Eliminating food waste is the next frontier in saving the planet

In the race to reach carbon neutrality, many businesses are looking for various ways to cut emissions, whether through limiting high-carbon transit, becoming more energy efficient at home, or reducing our consumption of meat.

But there are some things that individual consumers can do that don’t require massive lifestyle changes, making them more likely options for regular folks who want to help the planet but don’t want to give up their holiday travel schedule.

One such method is reducing food waste. It’s no small problem: According to Feeding America, in the U.S. alone, around 40% of the food supply is wasted, which comes out to around 119 billion pounds of food, or around 140 billion wasted meals, every year. That’s as much CO2 emissions as 212 million cars, according to the Environmental Defense Fund. Another way to think of the 40% figure is to understand that it works out to around 119 billion pounds of food, or around 140 billion wasted meals every year.

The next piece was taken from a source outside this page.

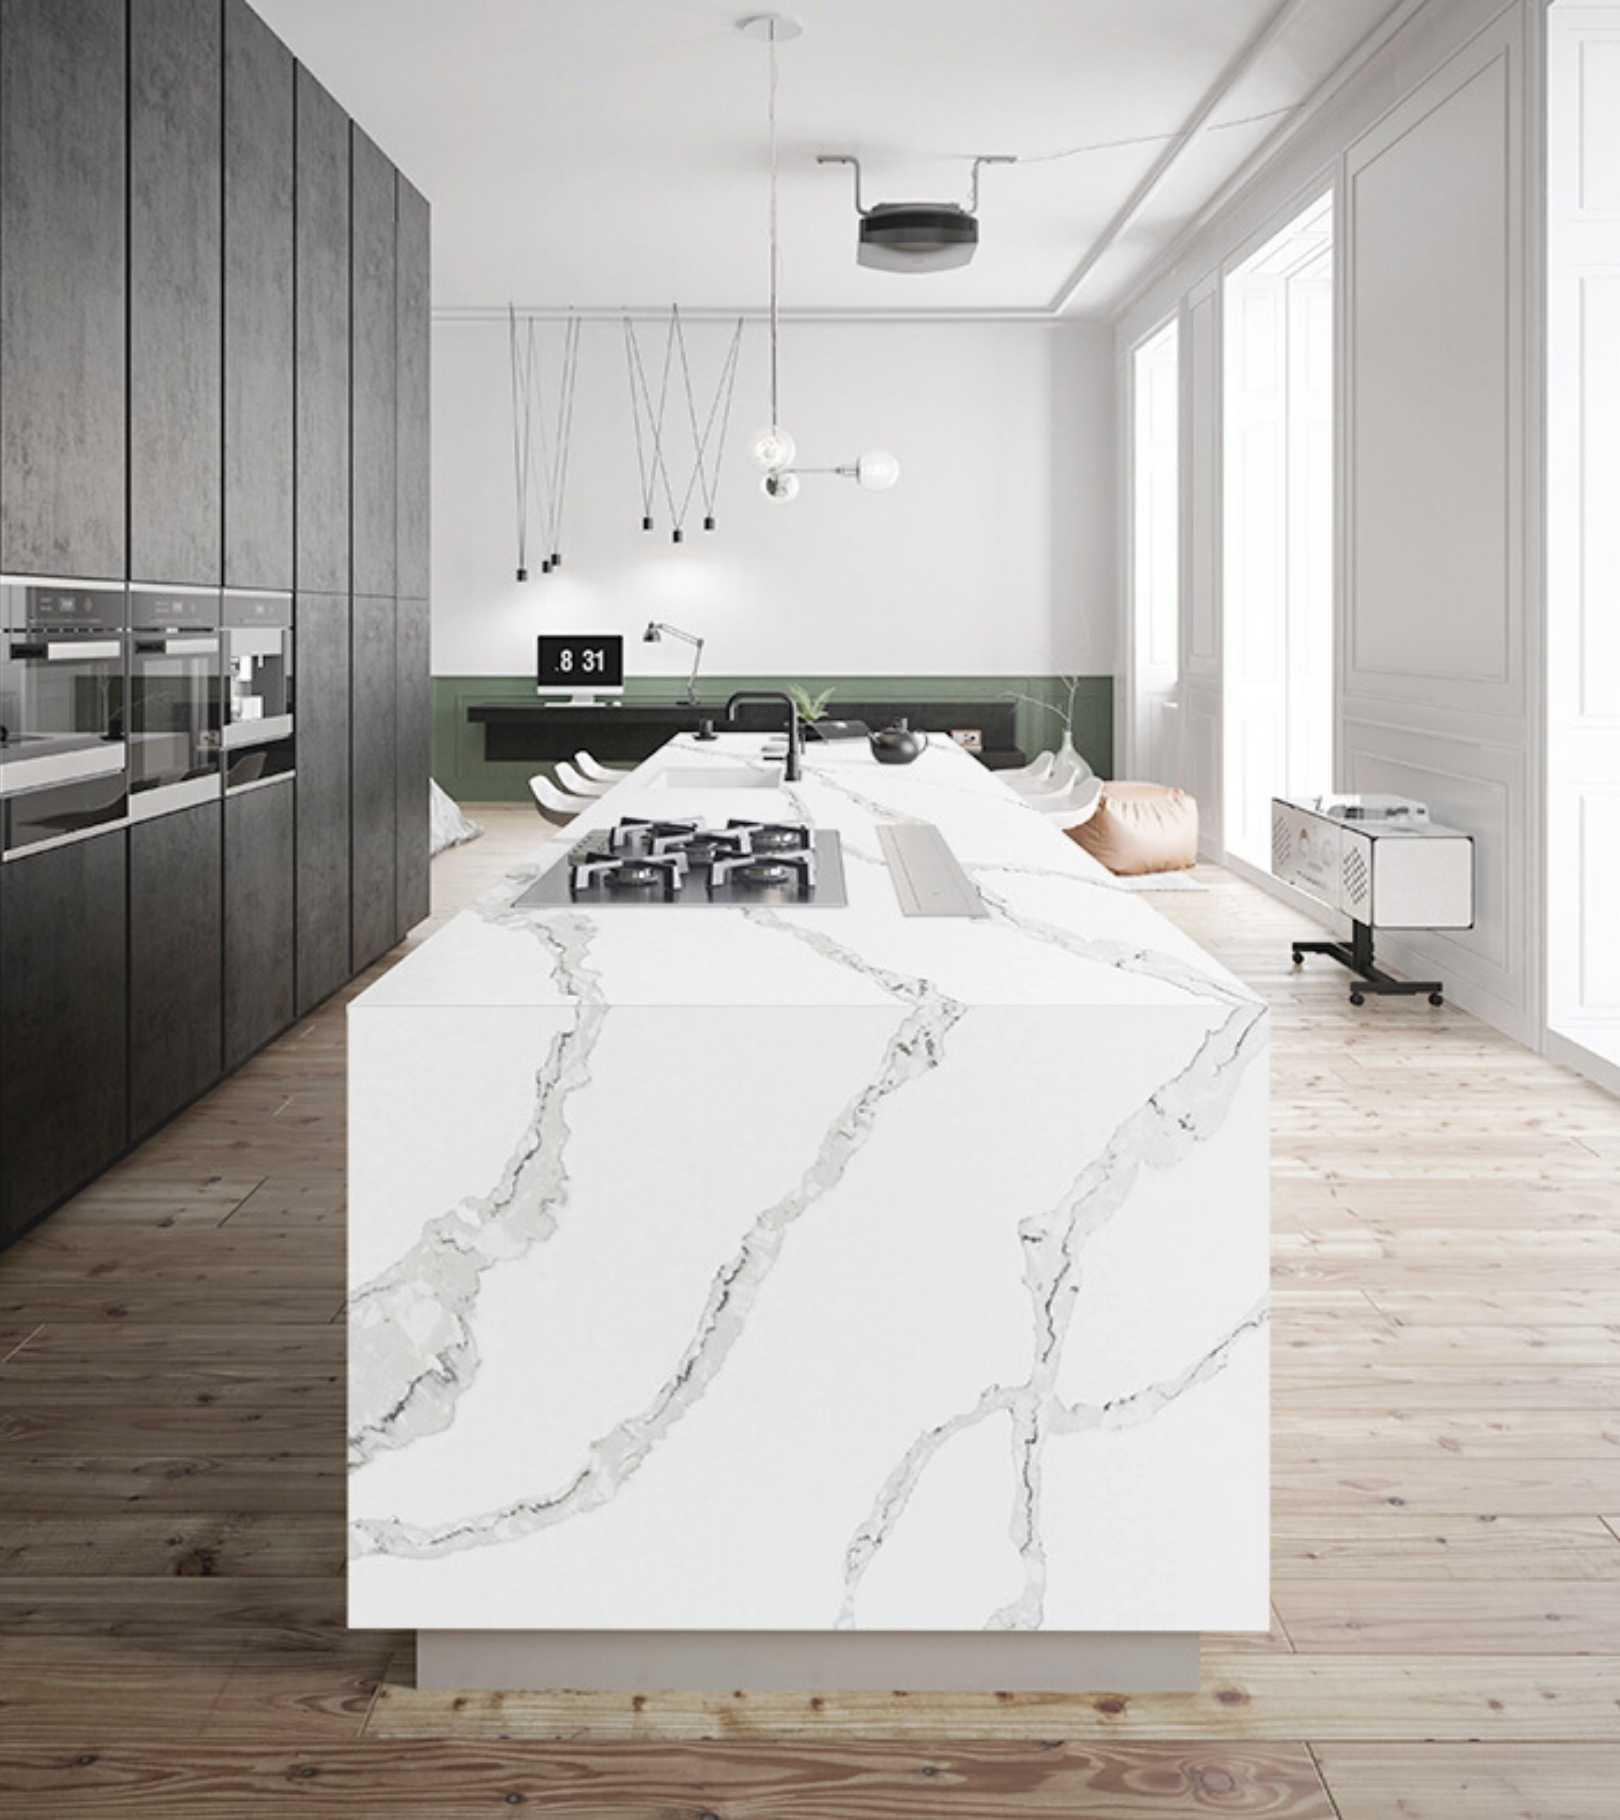 Calacatta Italia quartz kitchen countertop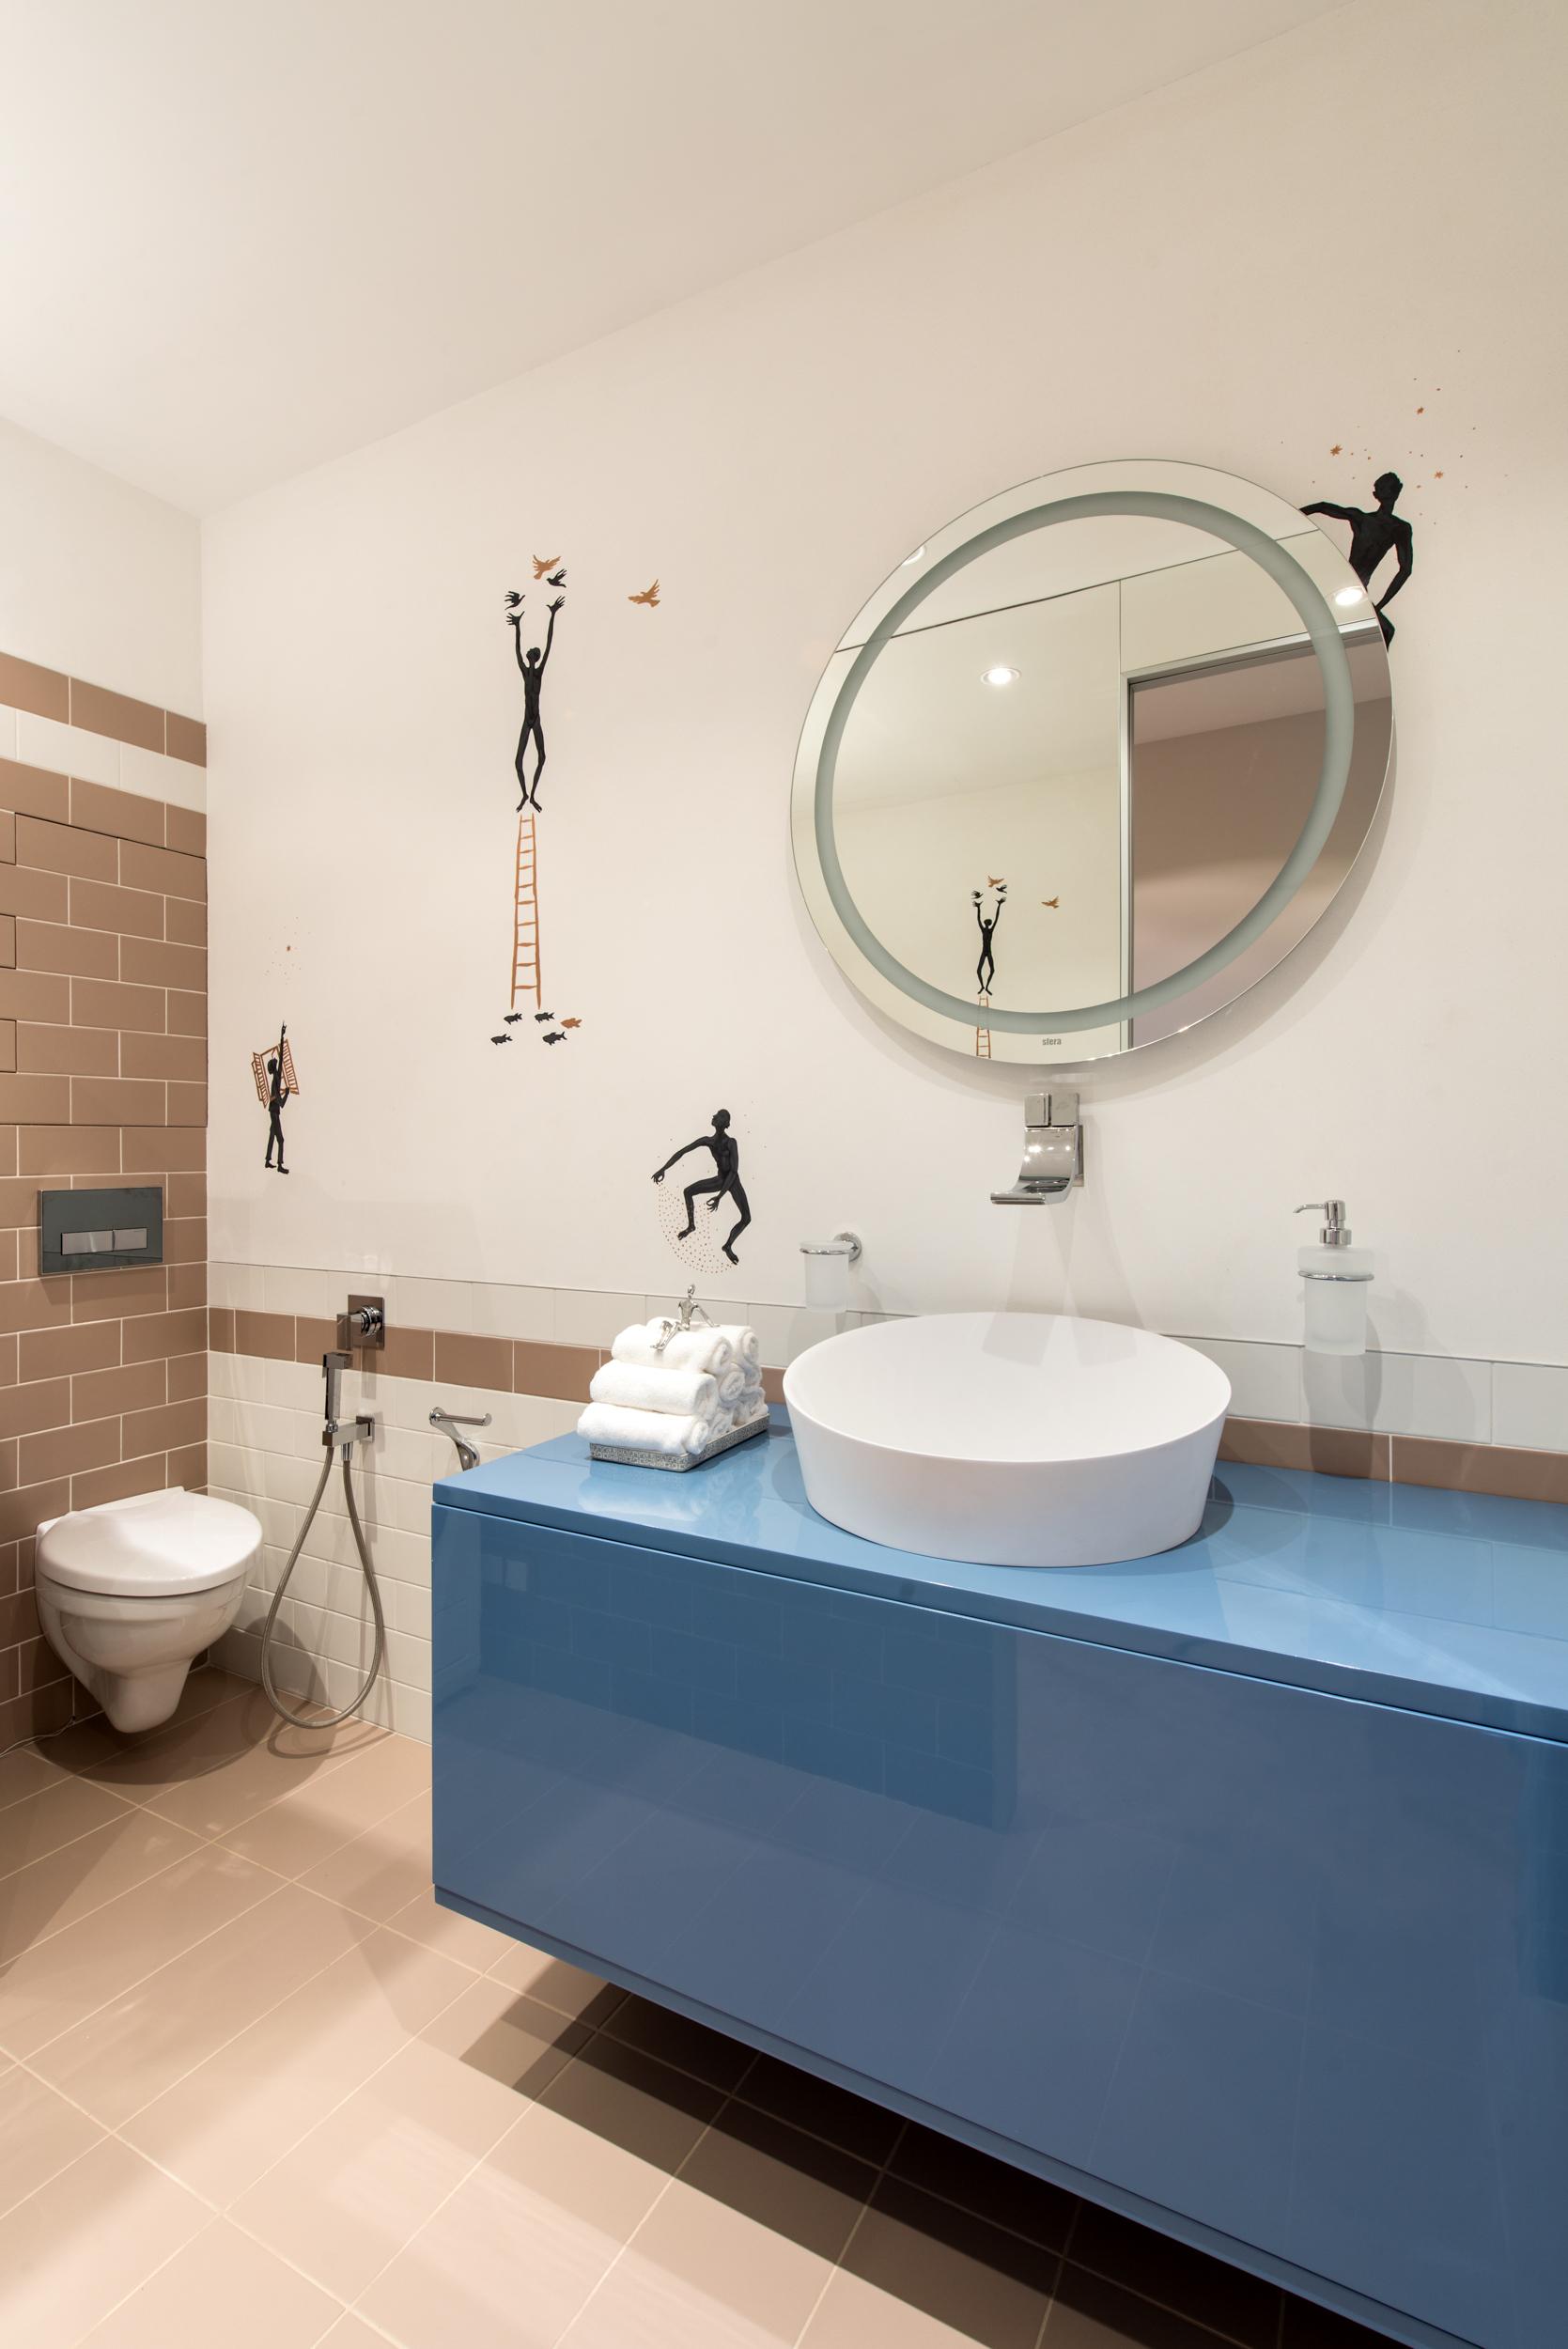 раковина, роспись,идея, ванная,тумба

But there are a few startups working on the food waste problem, including Fridgely and Mill. Fridgely, an app built as a hobby by an enterprising engineer, shows that tech can make it easier to avoid food waste, so long as you can get users to stick around. Mill, in contrast, has a neat system to help collect wasted food and convert it into food grounds that can be recycled into the food creation system of a nation. Mill is starting with chicken feed as its final product, for reference.